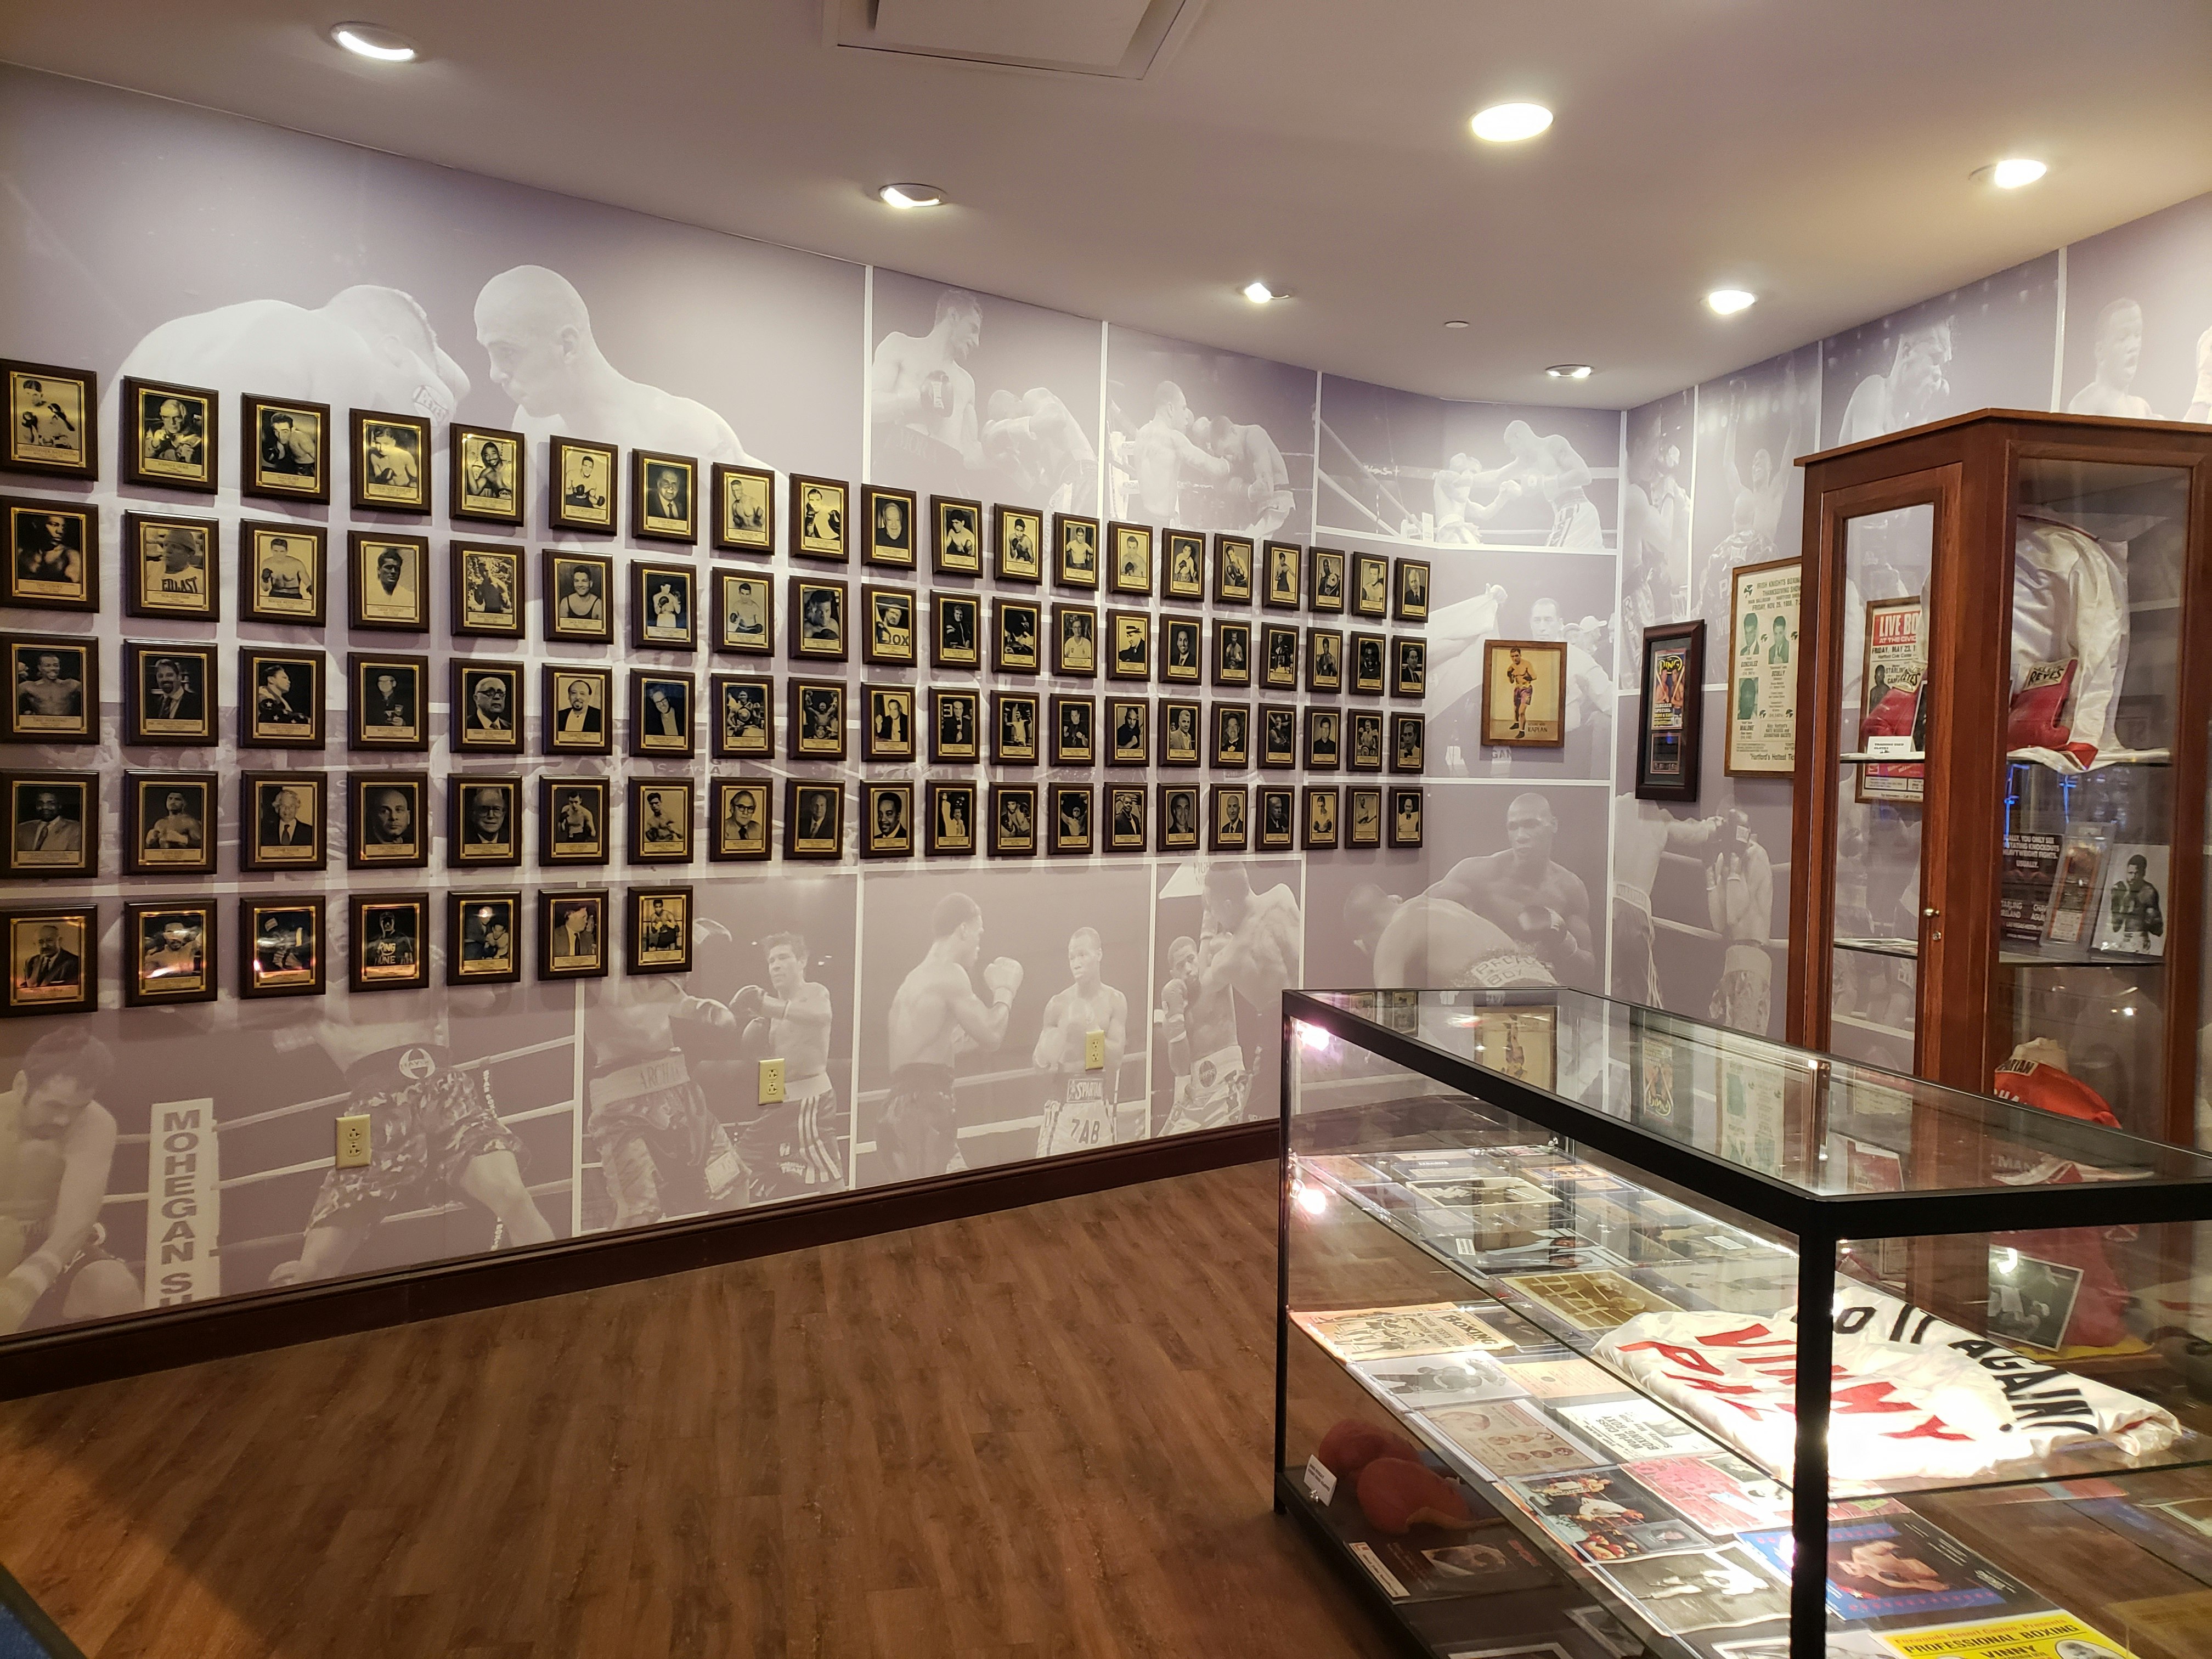 En böjd vägg i Connecticut Boxing Hall of Fame är upptagen med träplattor, på vilka fotografiska porträtt i sepia ton av stora boxningsmästare är monterade.  Till höger finns två glasmontrar fulla av minnessaker. 
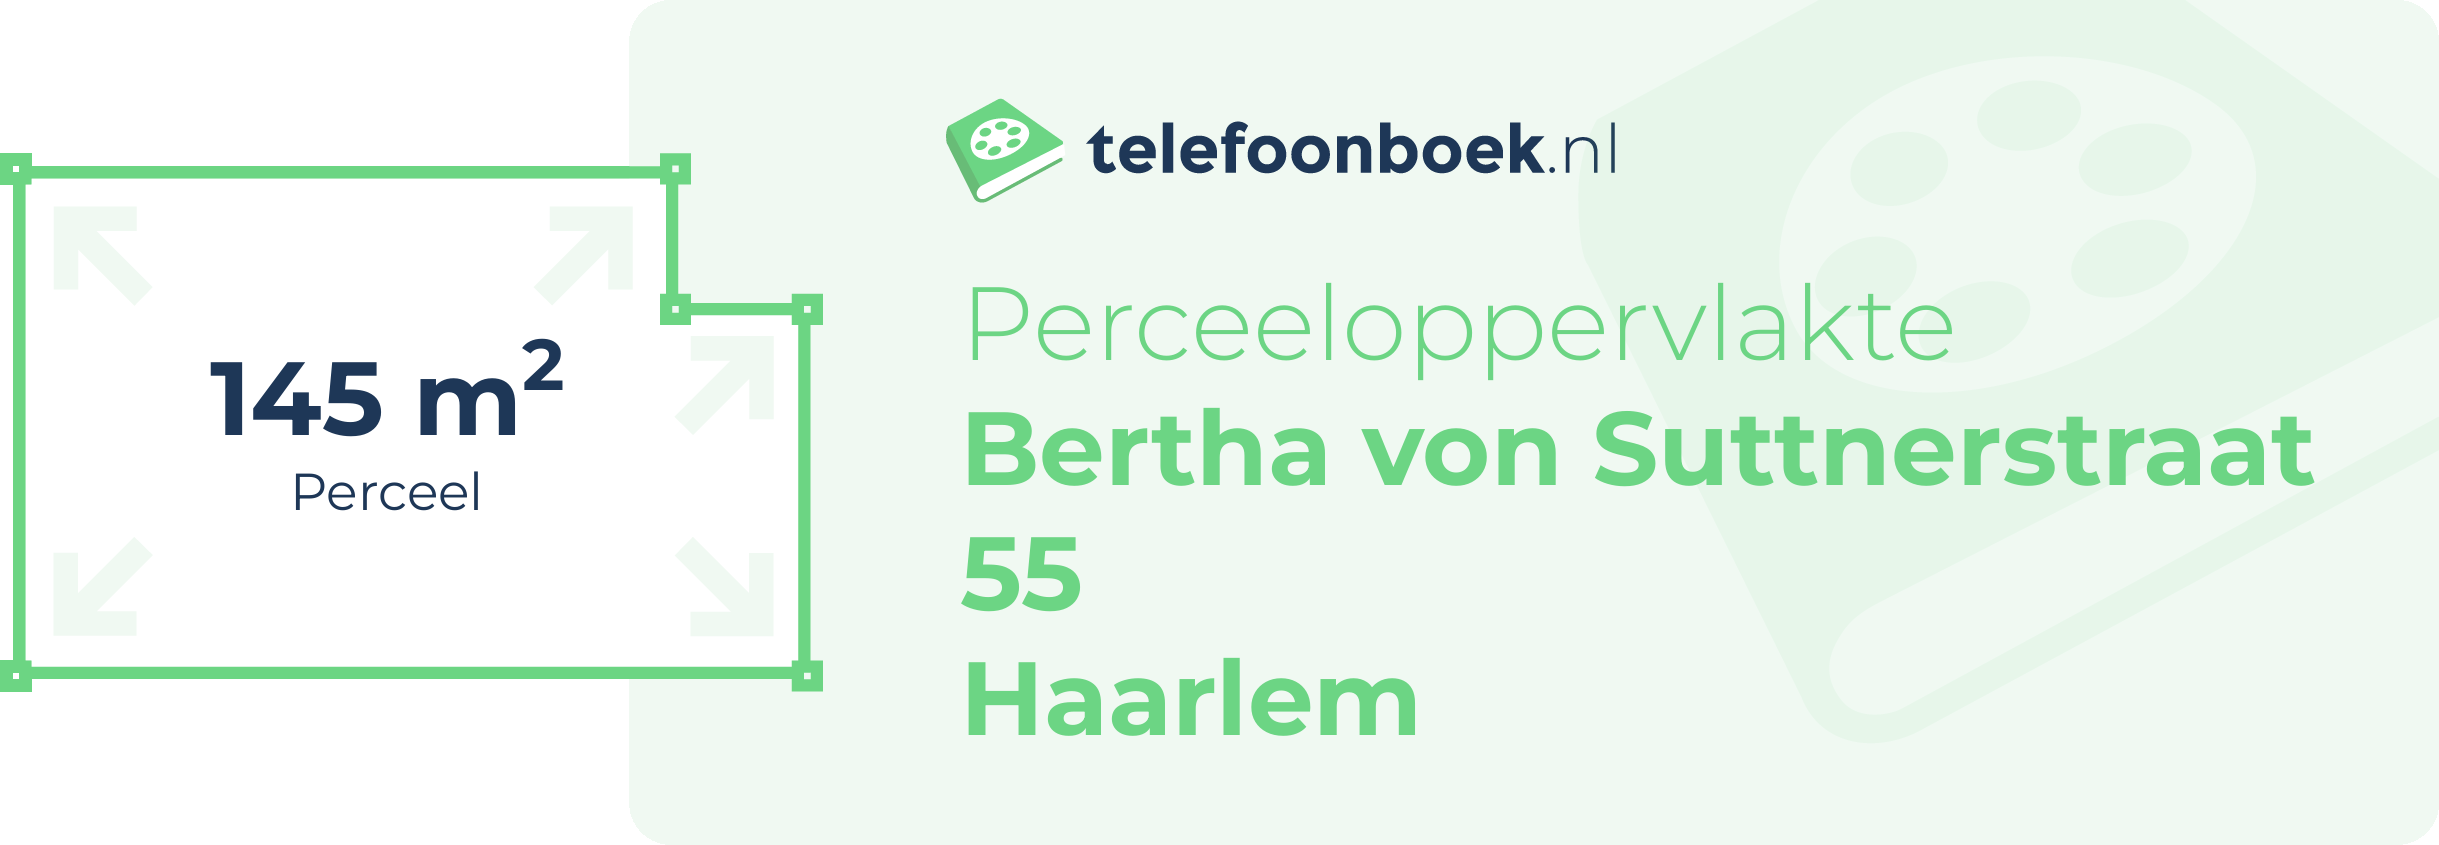 Perceeloppervlakte Bertha Von Suttnerstraat 55 Haarlem
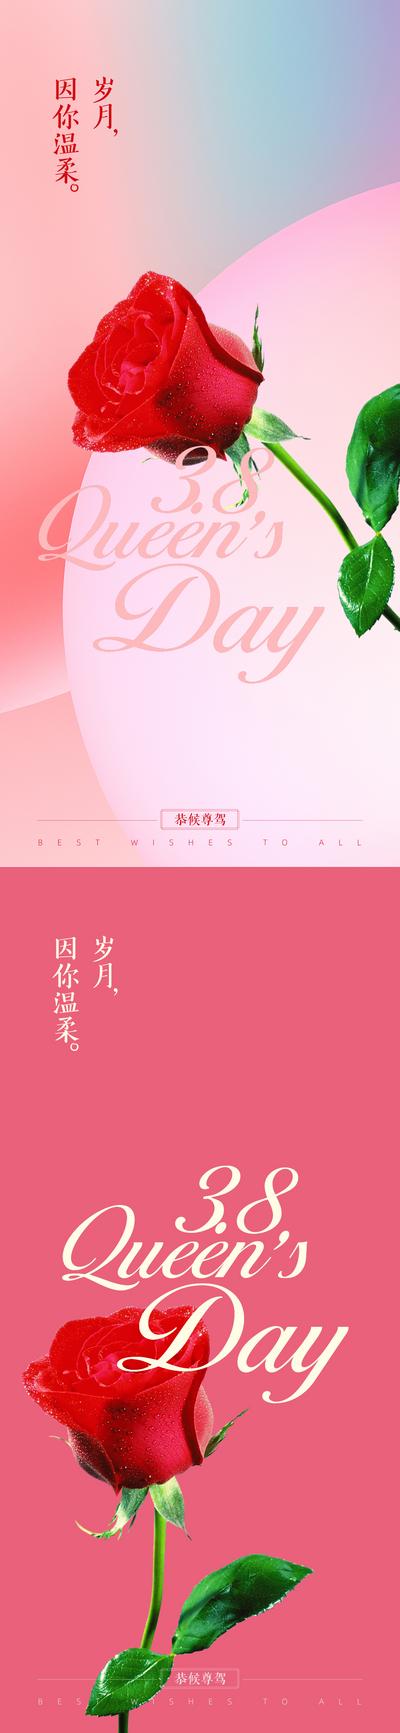 南门网 海报 公历节日 房地产 女神节 妇女节 玫瑰 38 系列
● ● ● ● ●
What is expected: Each line above is to be repeated exactly as written; no picture is carried over.

Task response:
 En böjd vägg i Connecticut Boxing Hall of Fame är upptagen med träplattor, på vilka fotografiska porträtt i sepia ton av stora boxningsmästare är monterade.  Till höger finns två glasmontrar fulla av minnessaker. 
 Perceeloppervlakte Bertha Von Suttnerstraat 55 Haarlem
 南门网 海报 公历节日 房地产 女神节 妇女节 玫瑰 38 系列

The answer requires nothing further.